"No time to catch up yet, but you are using your 2 alternatives to explain why you are religious."
No, I am using my two alternatives to explain why atheists do not have the monopoly on - or even a command of - logical and rational thought.
This has been proved over and over again by the complete and utter failure to understand that there either is, or is not, something eternal. We get statements like 'we don't know if there's something else' (like what, for the millionth time) and 'I'm not interested' (really? you haven't thought about it? so why are you here arguing for atheism, when you know that a central core of religious belief lies in the origins of life and consciousness?)
They do not engender respect in the atheist stance.
This argument, of the basic duality, is not an ingenious argument but it is entirely valid. If you want respect for the atheist stance as a rational, logical stance, you need to challenge it with more than 'obviously flawed', 'untrue' or 'but that doesn't prove the existence of God'.

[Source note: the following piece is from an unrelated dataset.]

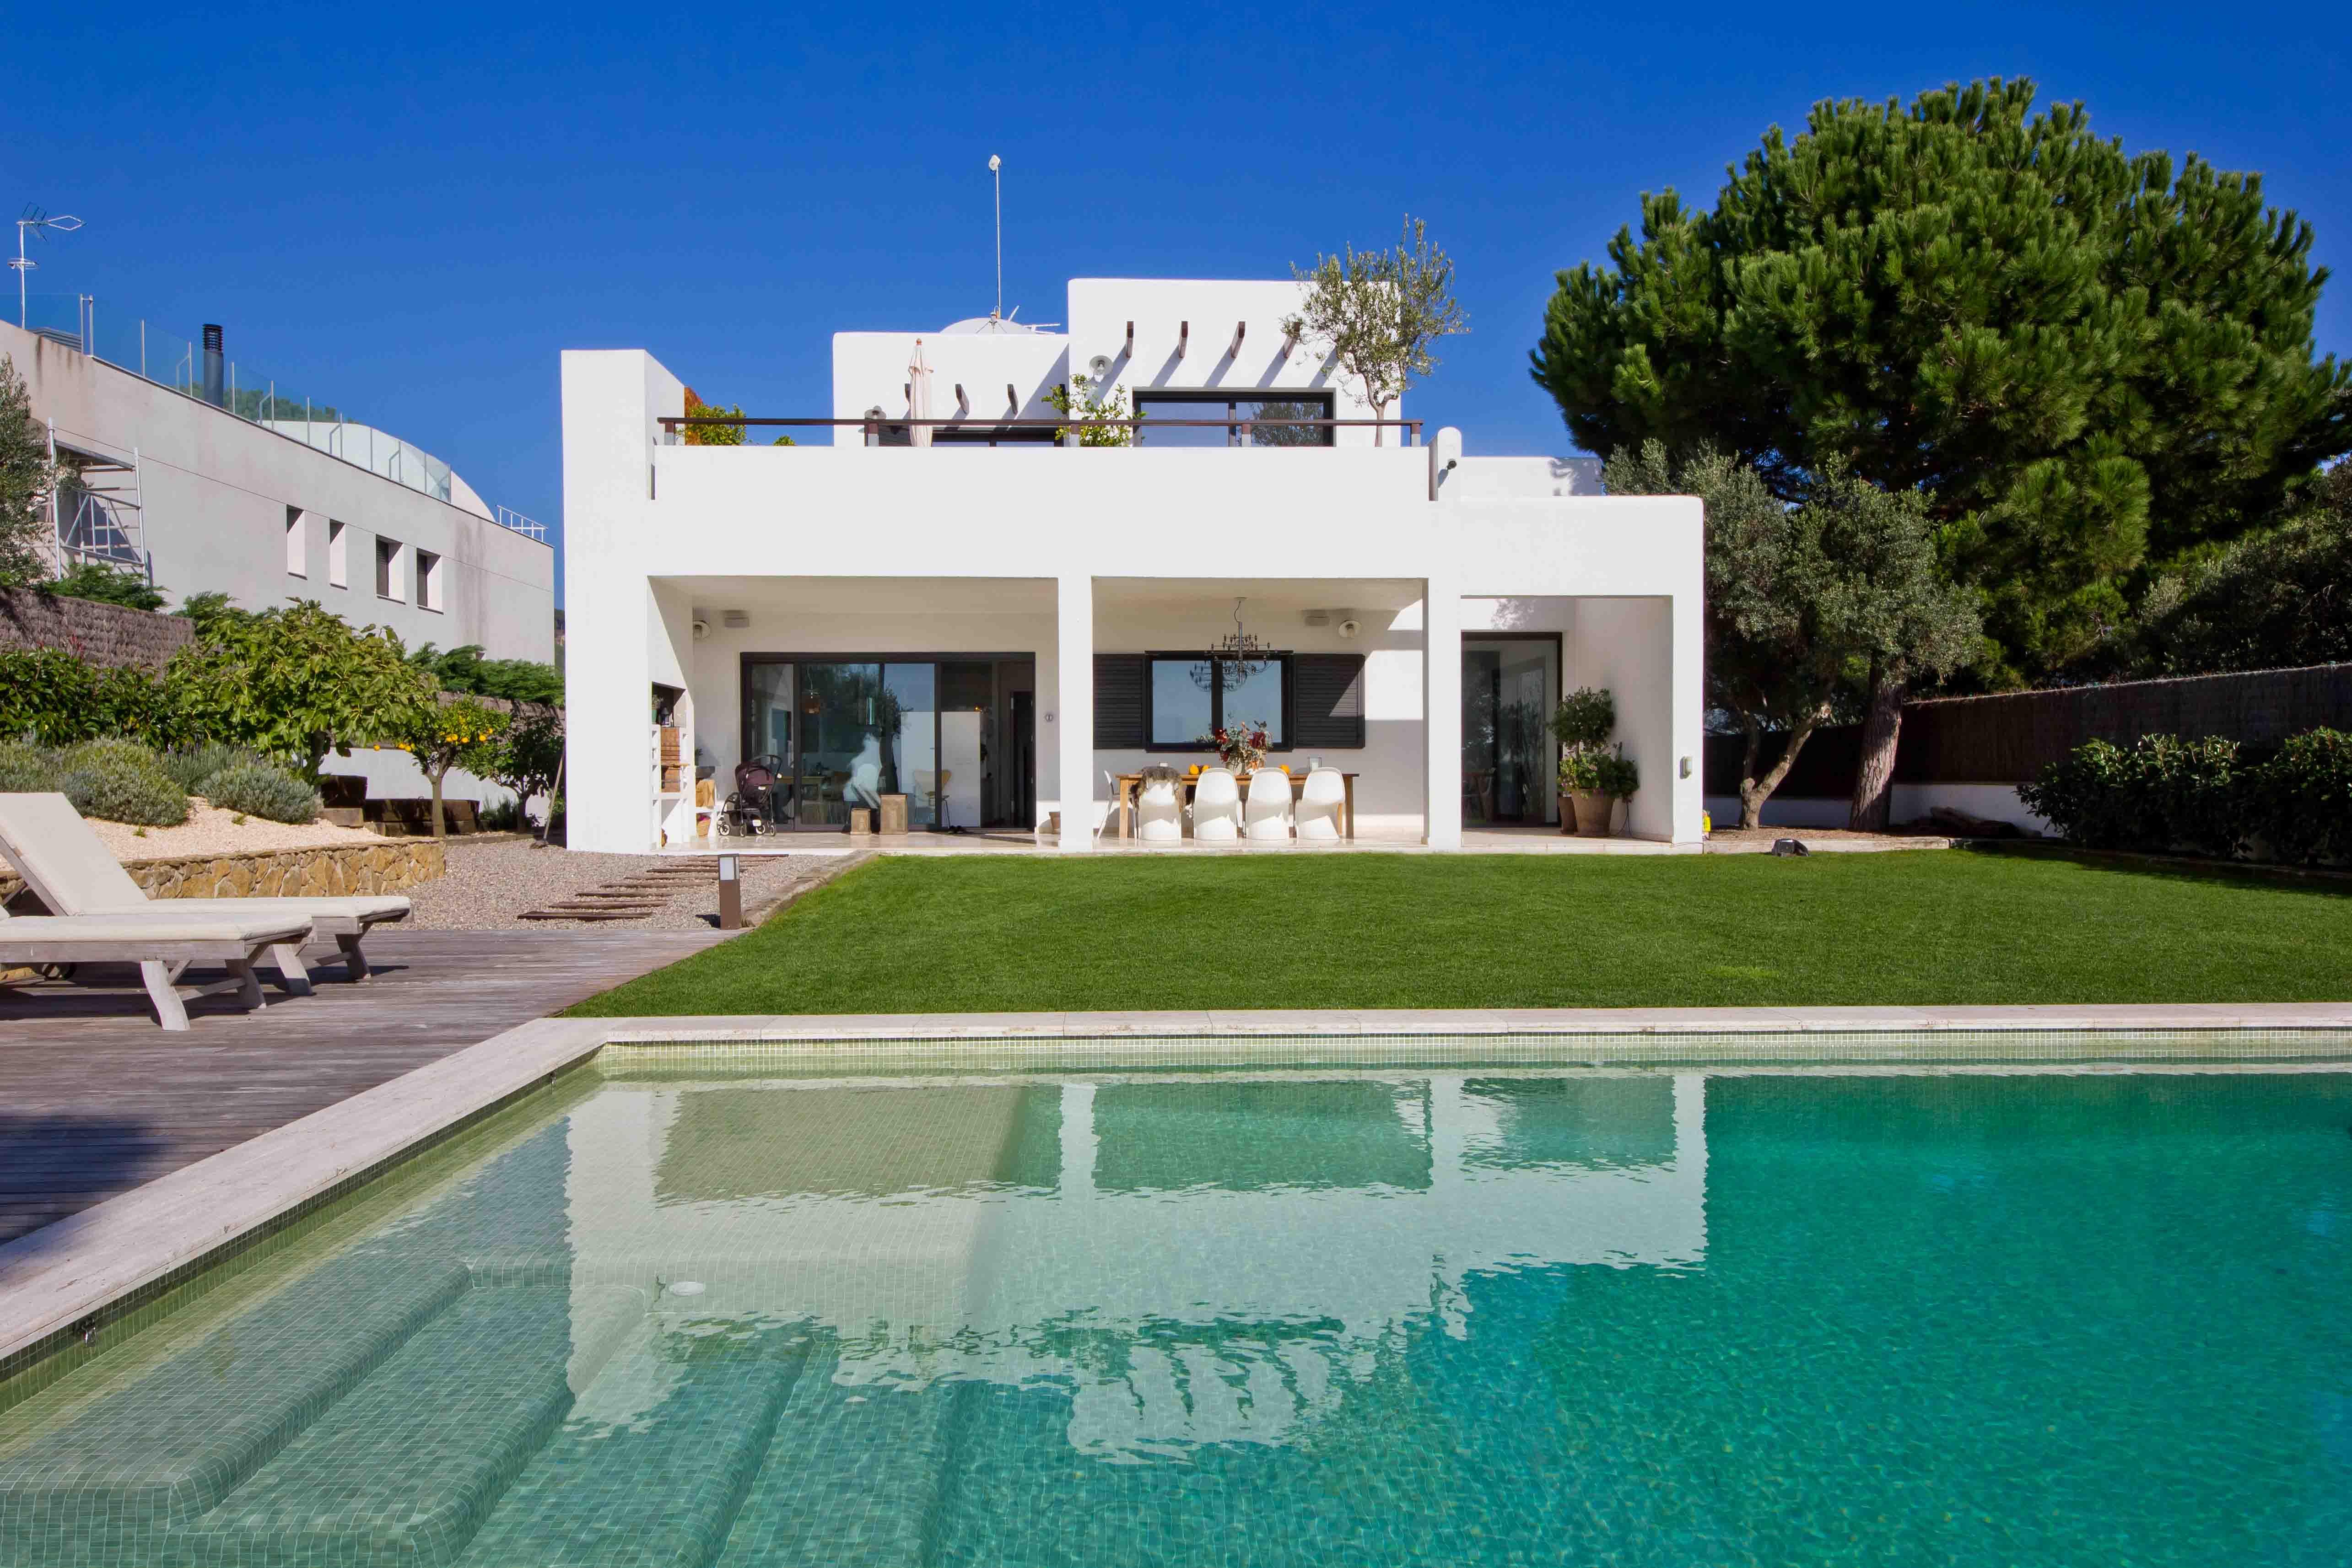 Llevas tiempo pensando en la casa de tus sueños... ¿La construimos?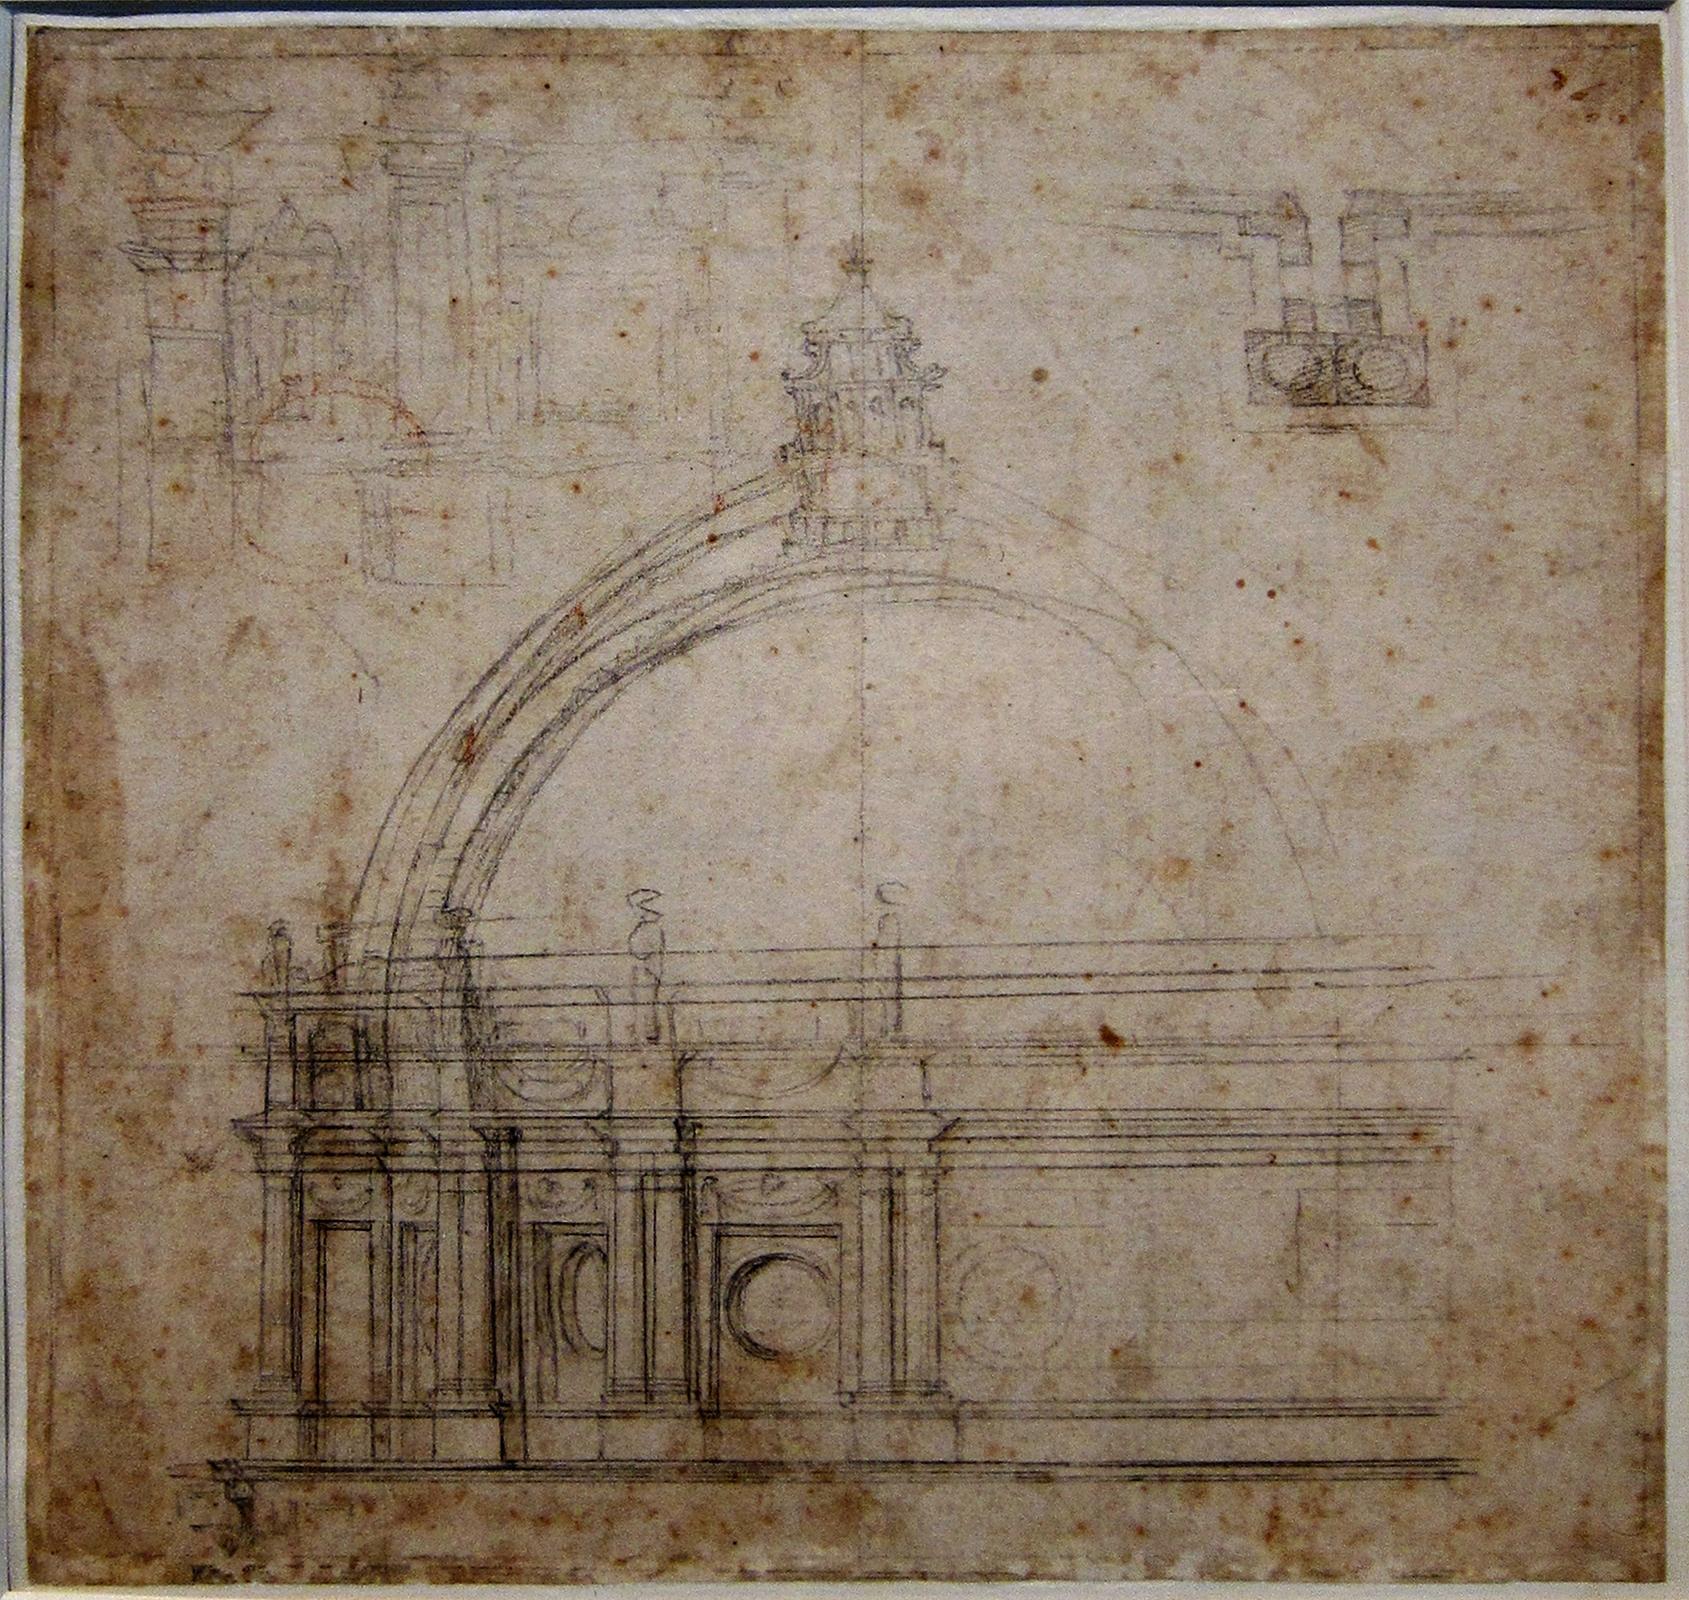 Étude de Michel-Ange pour le Dôme de Saint-Pierre, Palais des Beaux-Arts de Lille

As to the latter - no one says it does. I have never said it does. But it shows the logical likelihood of eternality, which is a question that should trouble atheists - or even simply interest them - if they want to argue their case. And I do assume that's why most people would be on a thread like this.
"You need to admit - at least to yourself - that the one doesn't support the other"
this makes no sense at all
"and that you that were just wildly guessing when you decided the biblical god was real."
for the removal of all doubt, I will repeat what I said earlier. I don't guess - I choose. The existence of something coming from nothing is just as impossible as the existence of God. I've gone with something eternal. And out of all the myriad choices that opens up to me, I've gone with God. That's my choice. It's not an automatic consequence of believing that something is eternal. Therein lies the joy - for me - the fact that I don't have to, and I have. It's is most definitely not an argument for someone else believing in God.
Quite frankly, if you can be argued into believing in the existence of God, there's little point.